Interpreting error bars Do overlapping error bars mean that the difference between the groups is not significant? Not necessarily. Whether error bars overlap us not a foolproof way to judge significant differences, and should only be used as a rule of thumb as it depends on: - whether the sample sizes are equal - whether the error bars are showing standard deviation (SD), standard error (SEM) or 95% confidence intervals (CI) - Cannot draw a conclusion based on SD bars, overlapping SEM bars indicate P>0.05 and non overlapping 95% CI bars indicate P<0.05 - whether multiple comparisons are being performed - With multiple comparisons following an ANOVA, the significance level is normally higher to adjust for the family-wise error rate, but the error bars are graphed individually for each group, therefore cannot conclude anything from error bars when multiple comparisons have been used
Guidance to authors For statistical analyses: when statistical analyses have been performed, the following information should be provided: the name of the statistical test used (and statement of the normality of the data, for when the test is only appropriate for normal data), the n number for each analysis, the comparisons of interest, the alpha level and the actual P-value for each test (not merely P<0.05). It should be clear which statistical test was used to generate every P-value. Error bars on graphs should be clearly labeled, and it should be stated whether the number following the ± sign is a standard deviation or a standard error. The word ‘significant’ should only be used when referring to statistically significant results, and should be accompanied by the relevant P-value. Significance indicators should be used on graphs and tables, and should be described in the figure or table legend with it clear which groups are being compared.
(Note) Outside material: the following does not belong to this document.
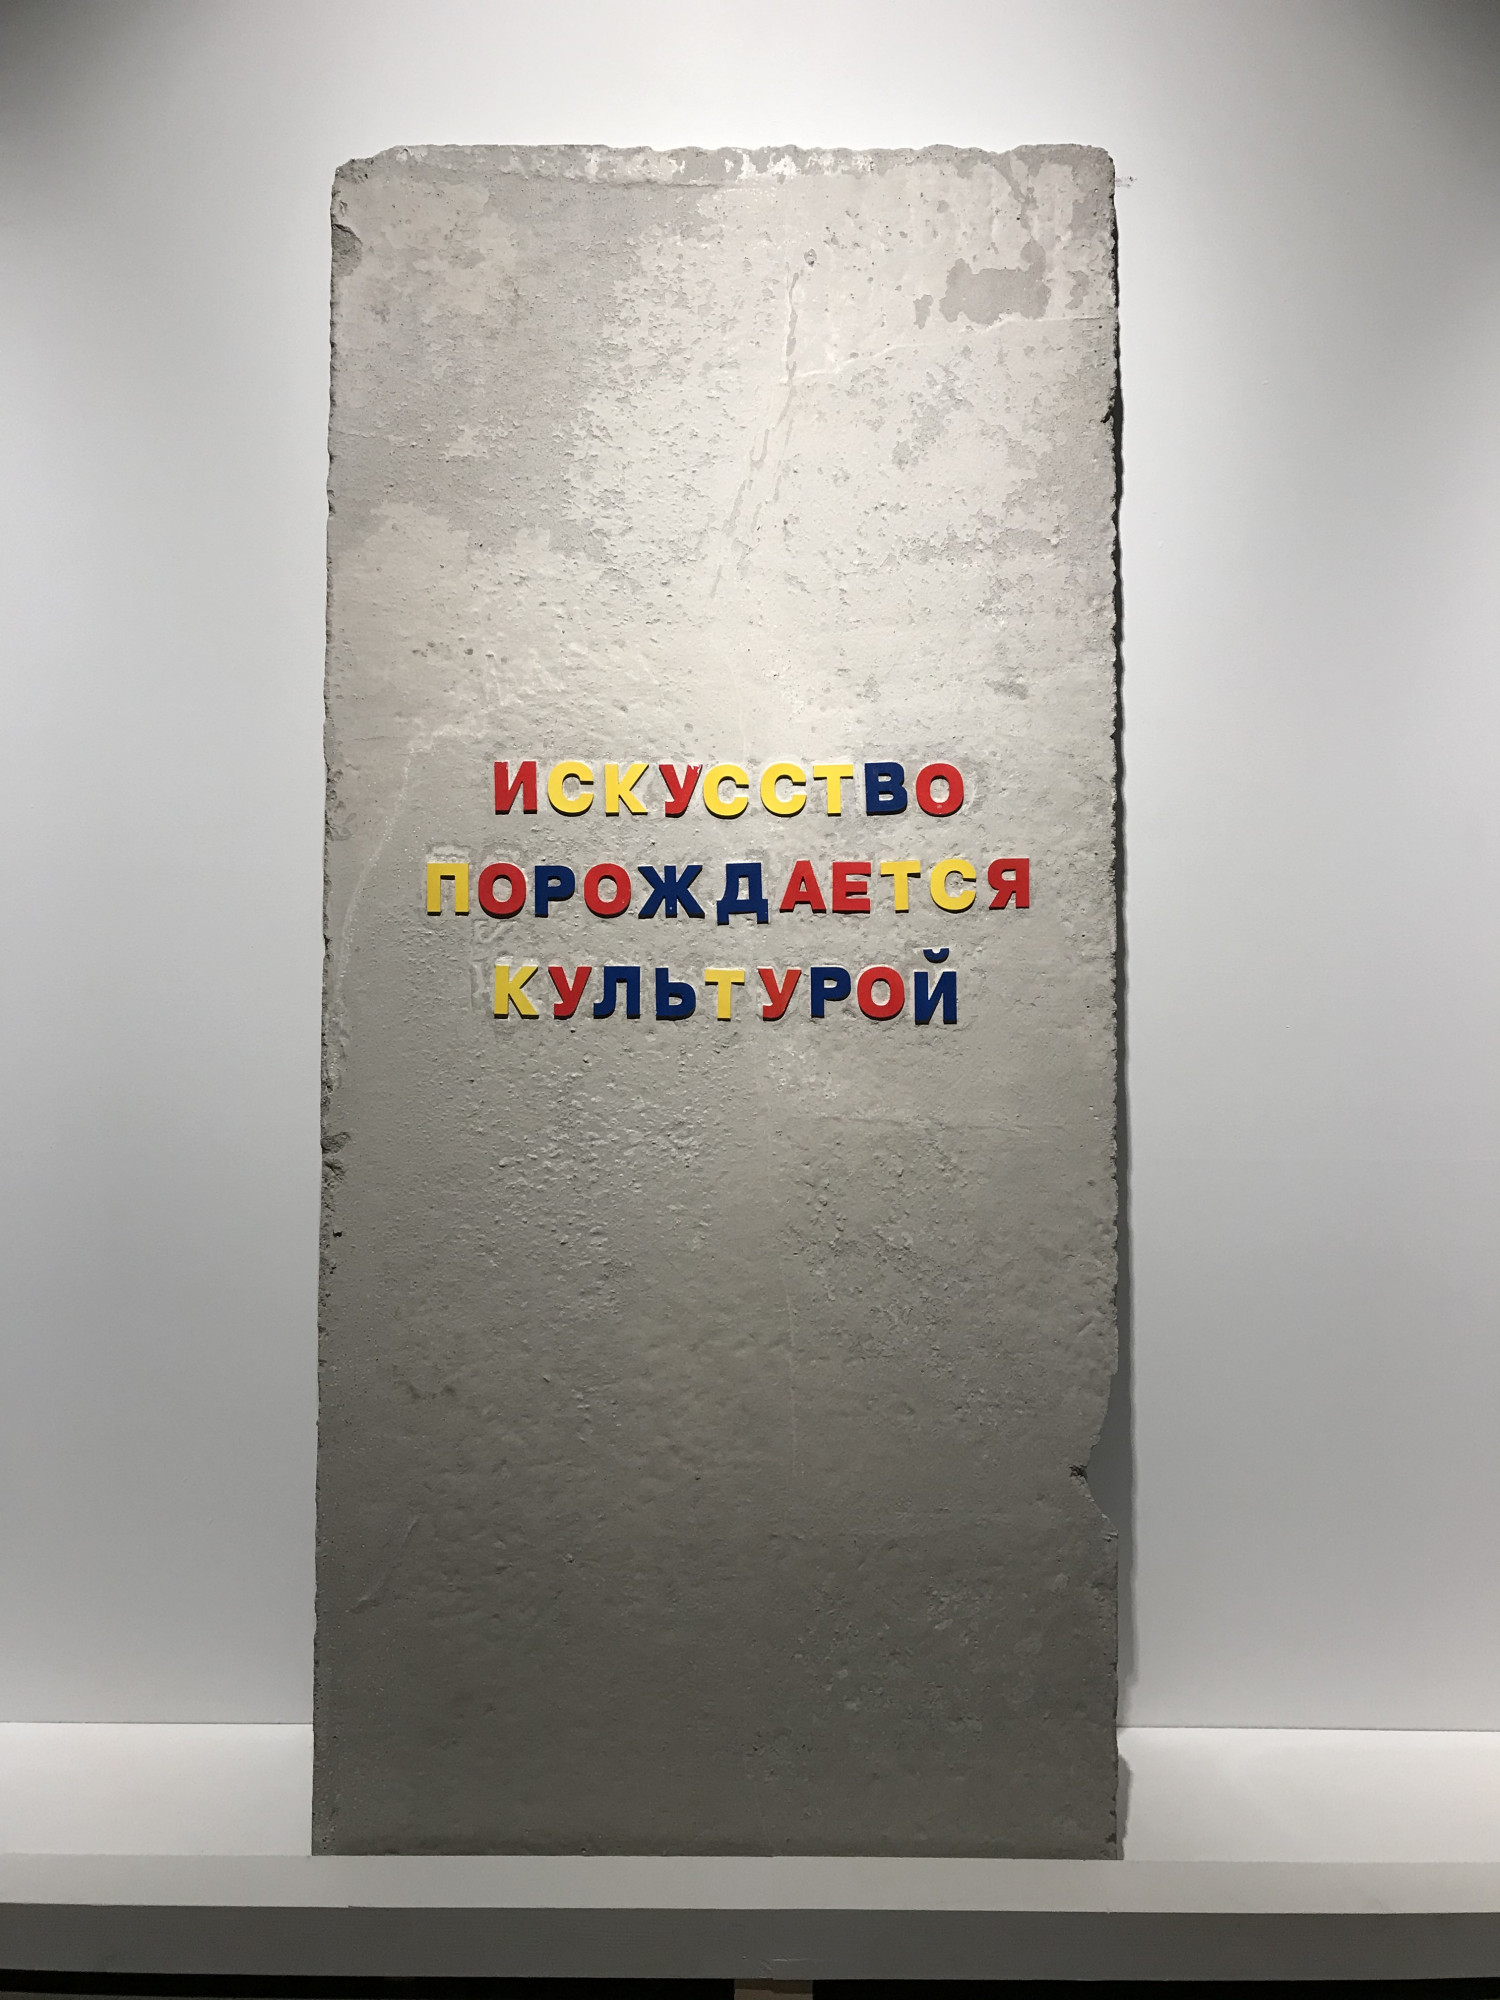 Freedom to Be an Artist, 2020, Nemoskva exhibition. “Art is generated by culture”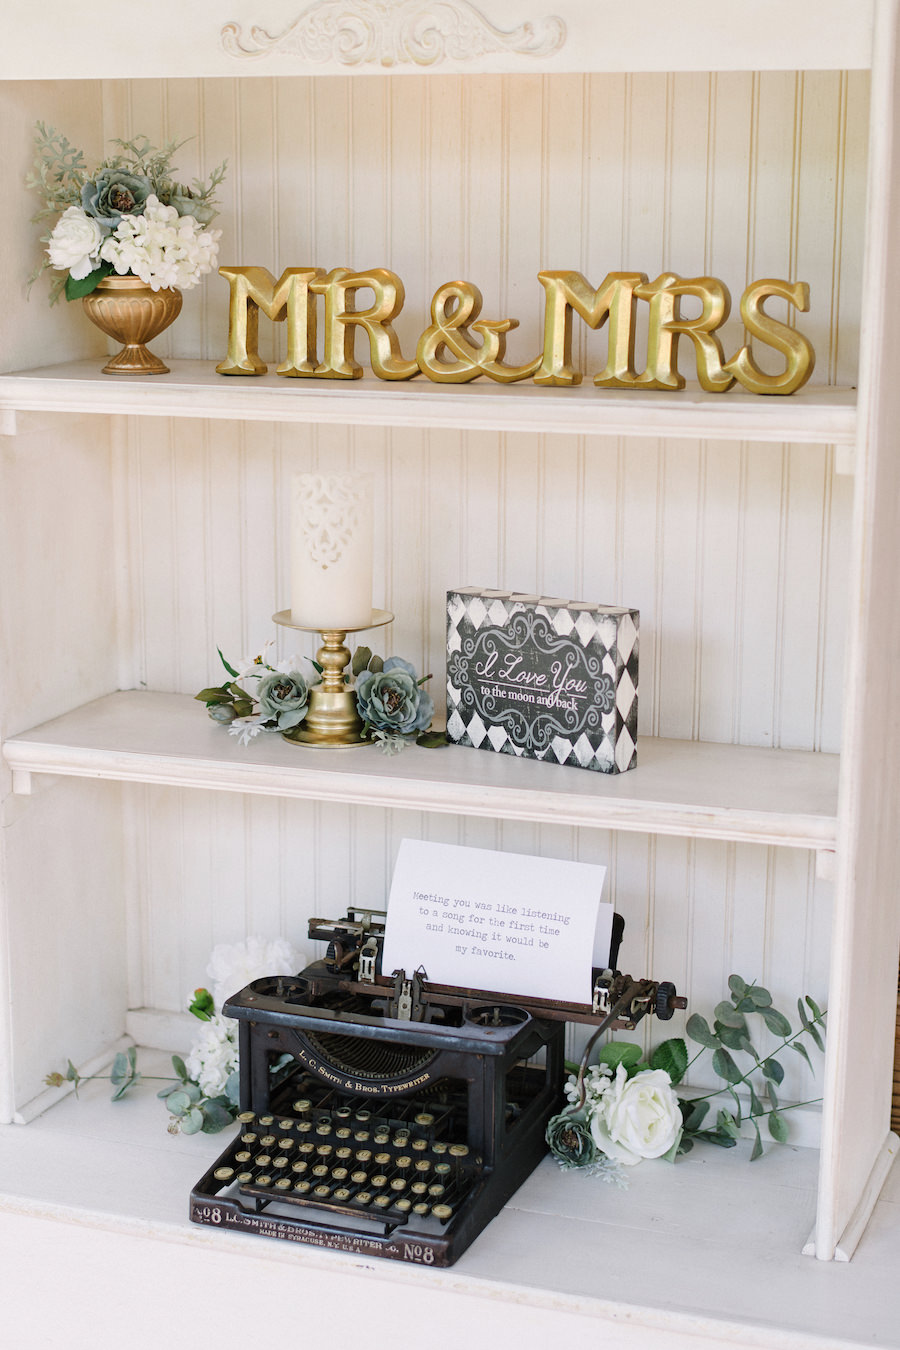 Rustic Vintage Wedding Decor with Vintage Typewriter, White Floral Accents and Gold Mr and Mrs Monogram

What to be looking out for: Authors should be stating the following: The software used for analysis – name, version and supplier Whether standard deviation or standard error of the mean is being presented Which statistical tests were performed: Are all the tests used stated? Are the tests appropriate? When parametric tests (e.g. t-test, ANOVA) have been used, have they tested for normality (bearing in mind sample size)? In many papers, they will have to perform different tests for different data sets, therefore which test was used for what should be clearly stated (and clear in the results/figure legends) What was the significance threshold they used What was the sample size Are actual P-values reported (not merely P<0.05)?